PROMPT: Keep the images out while you retype all of the data exactly.

DATA SECTION Start Marker

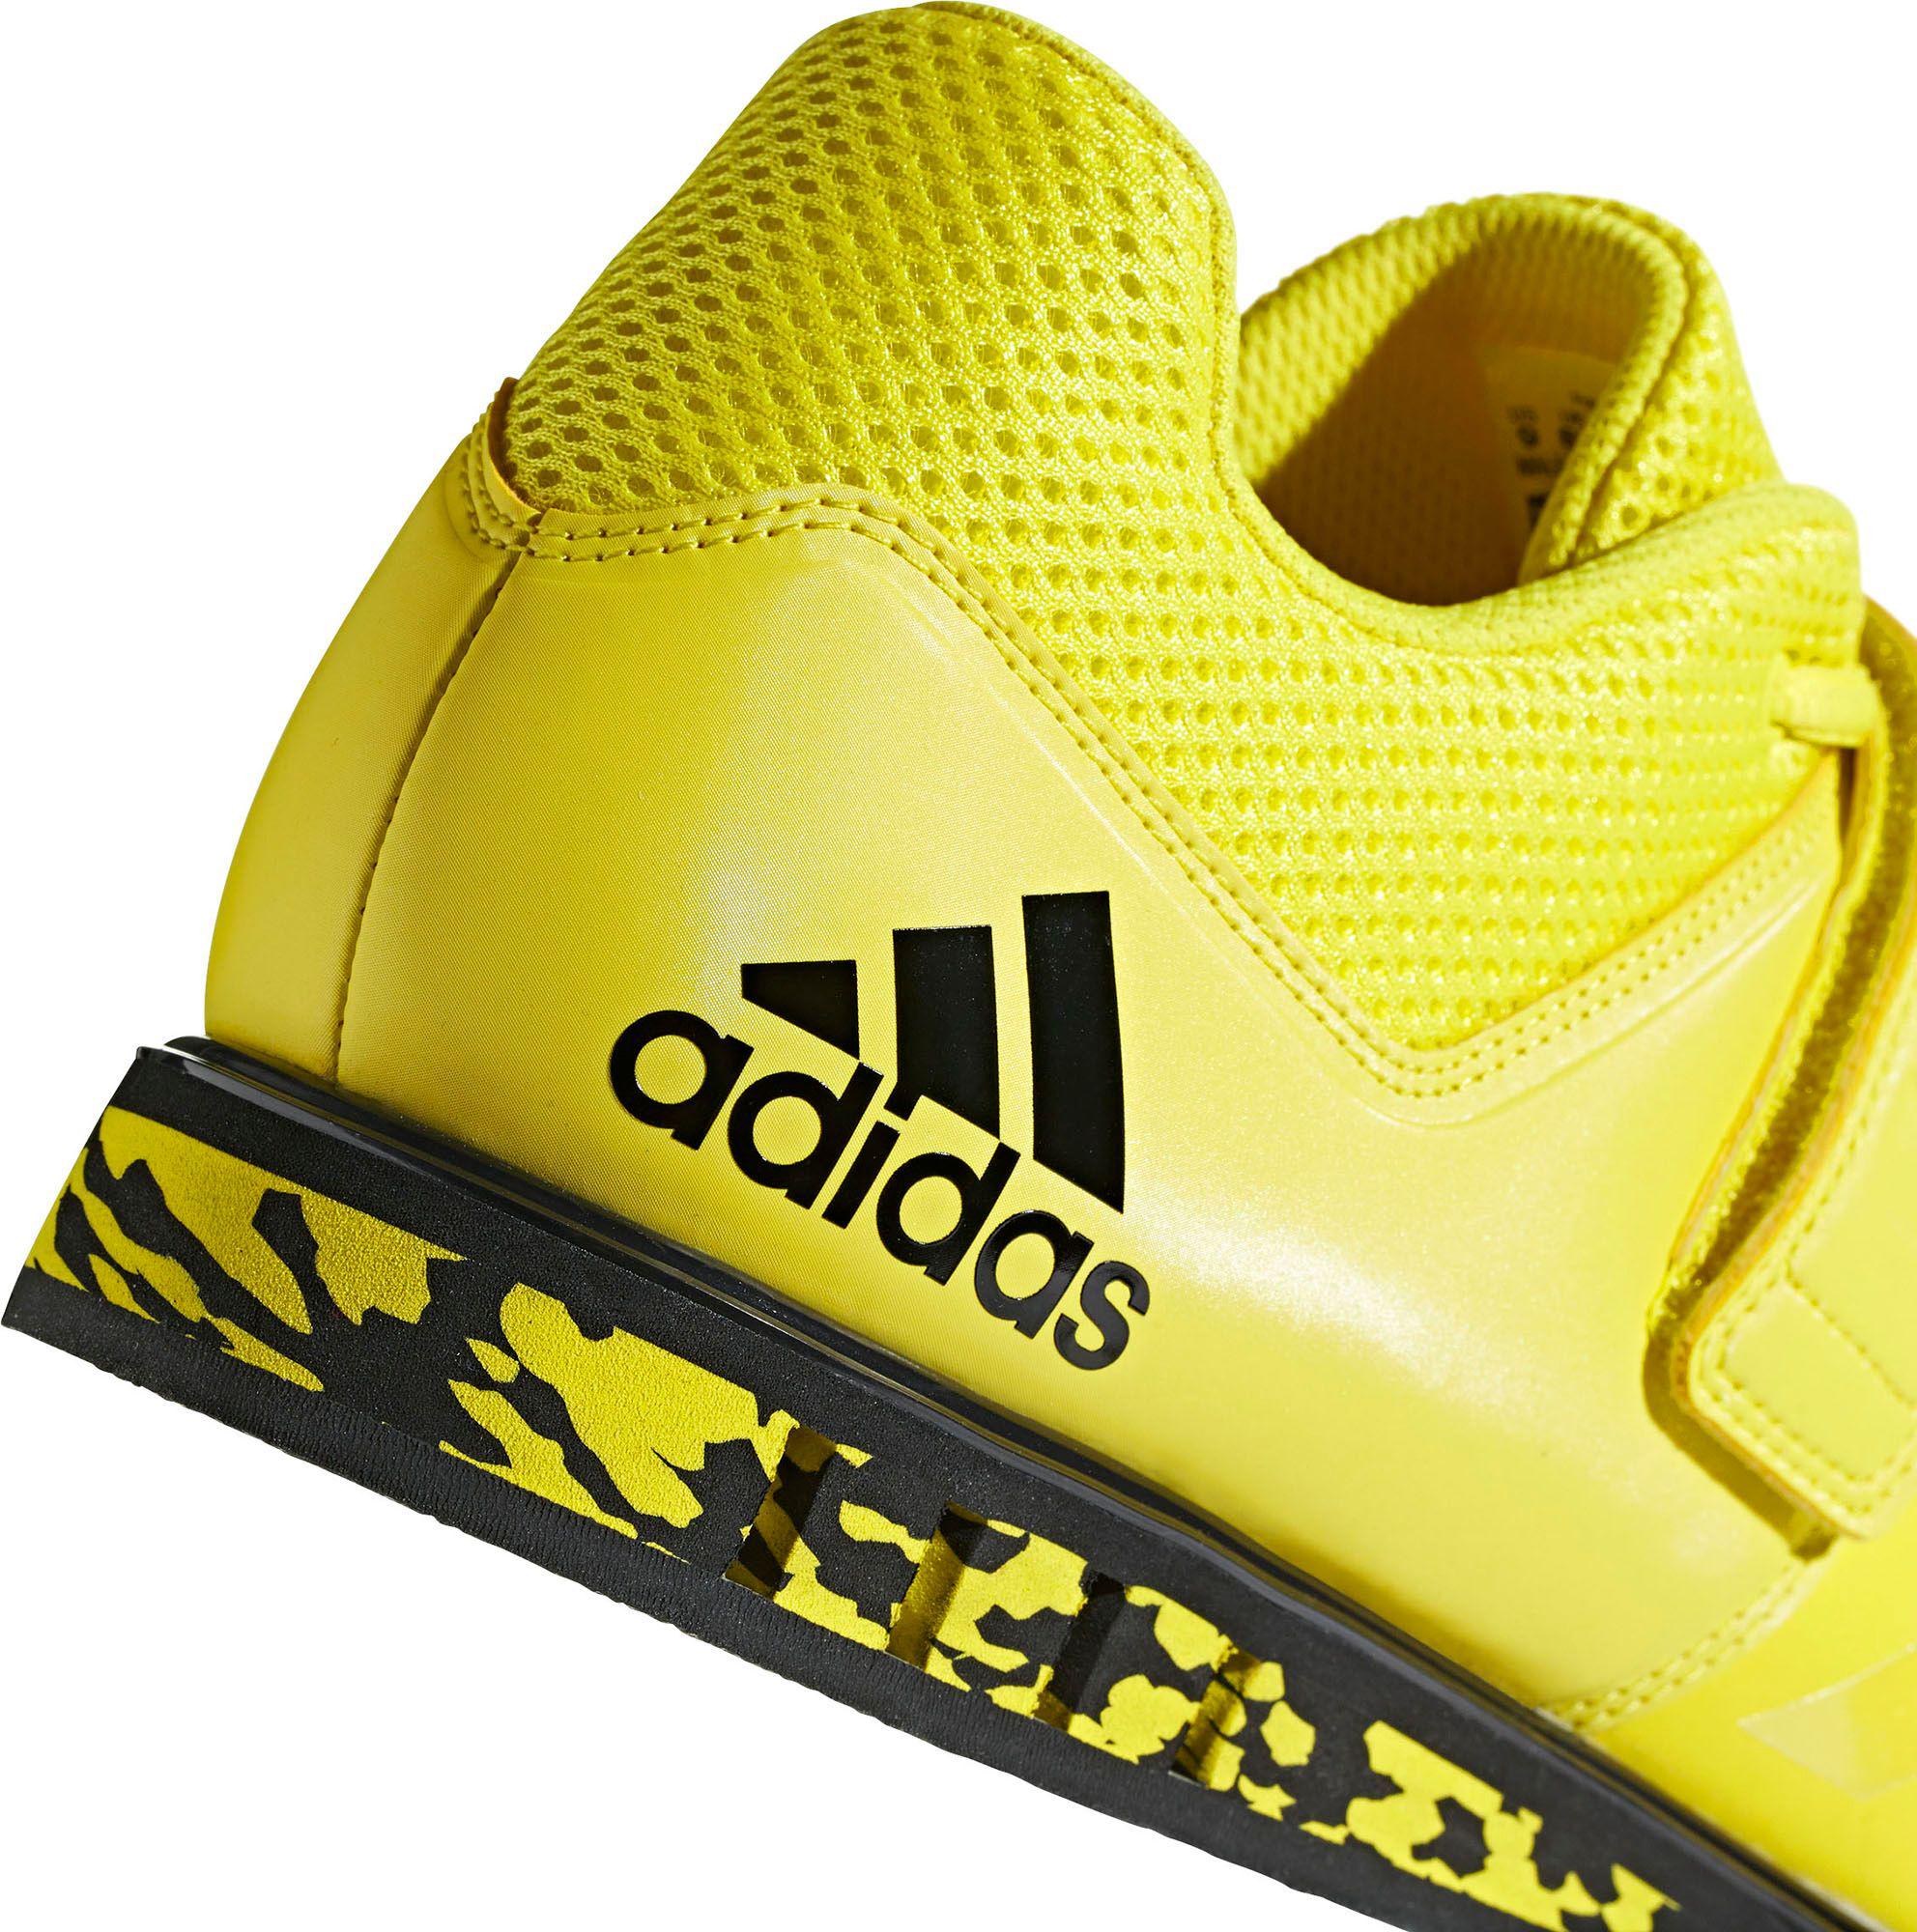 adidas powerlift 3.1 yellow
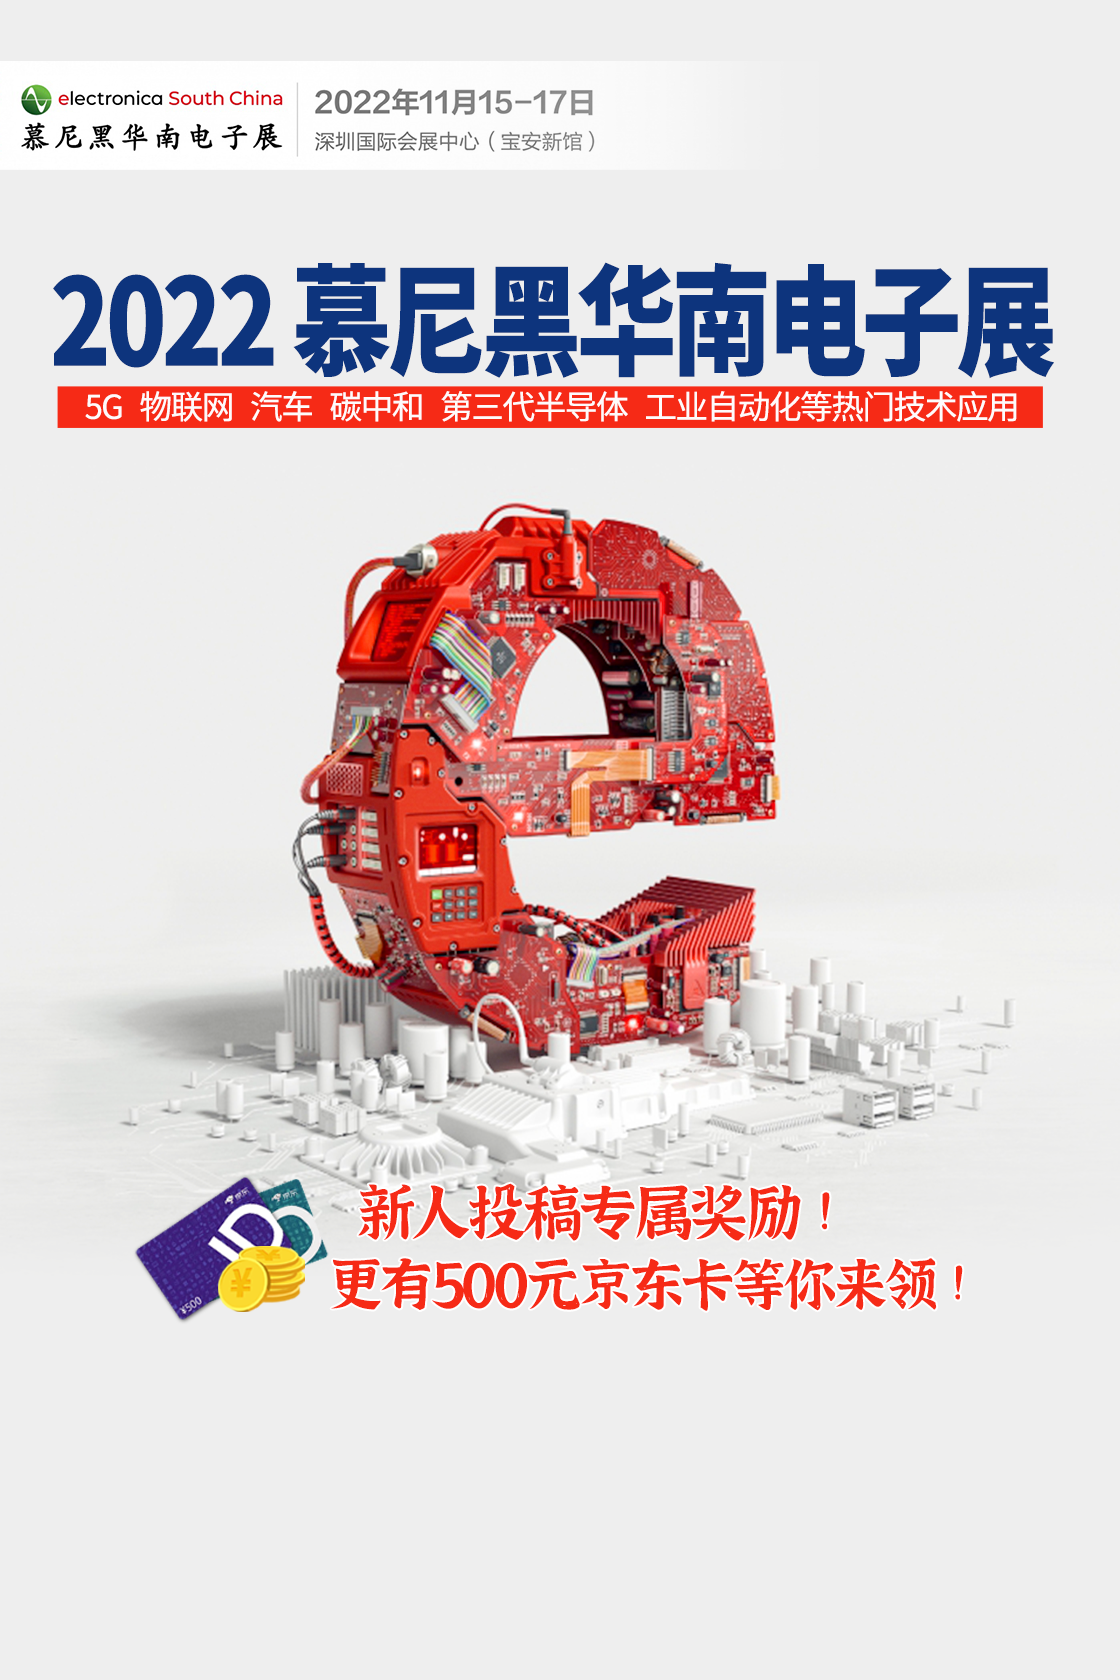 慕尼黑华南电子展，将于11月15-17日在深圳国际会展中心举办！#2022慕尼黑华南电子展 
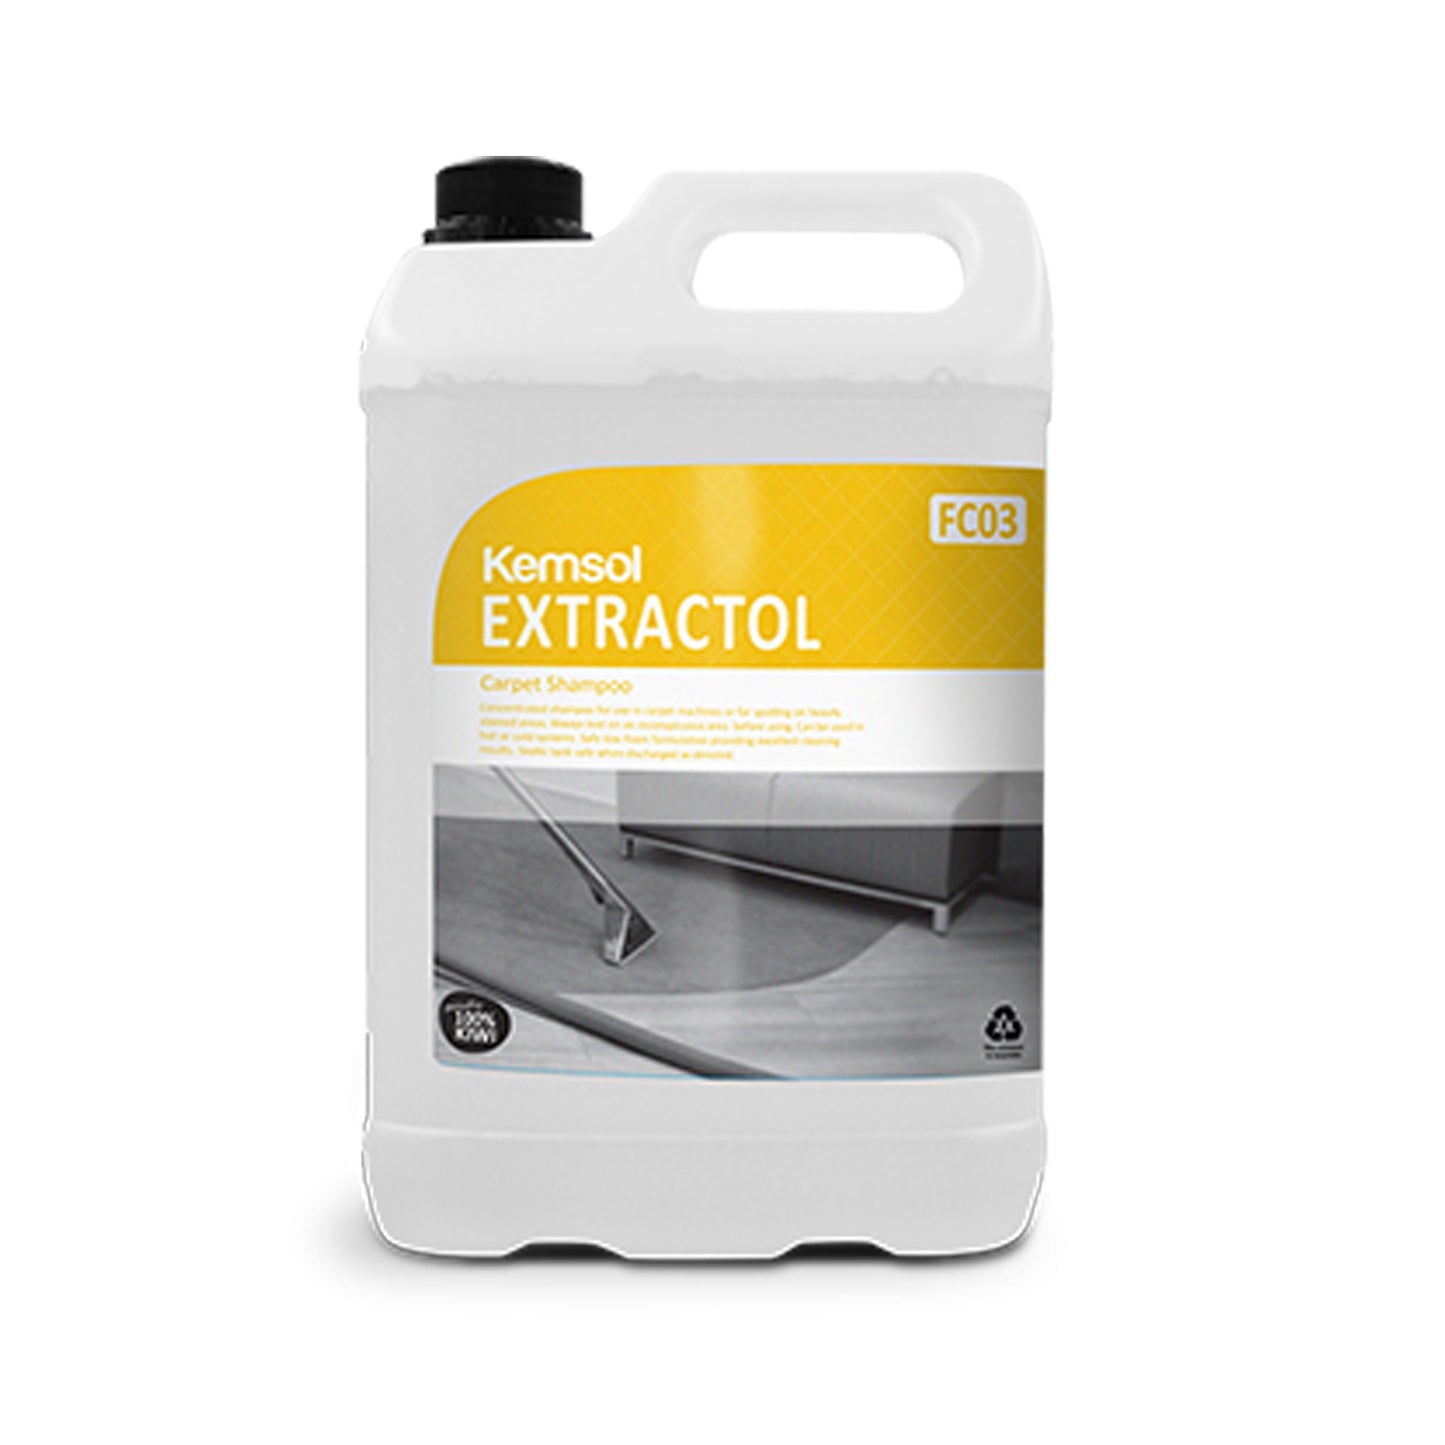 Extractol Carpet Shampoo - 5 Litre

DATA SECTION End Marker

ANSWER BOX:
 adidas powerlift 3.1 yellow
 慕尼黑华南电子展，将于11月15-17日在深圳国际会展中心举办！#2022慕尼黑华南电子展 
 Extractol Carpet Shampoo - 5 Litre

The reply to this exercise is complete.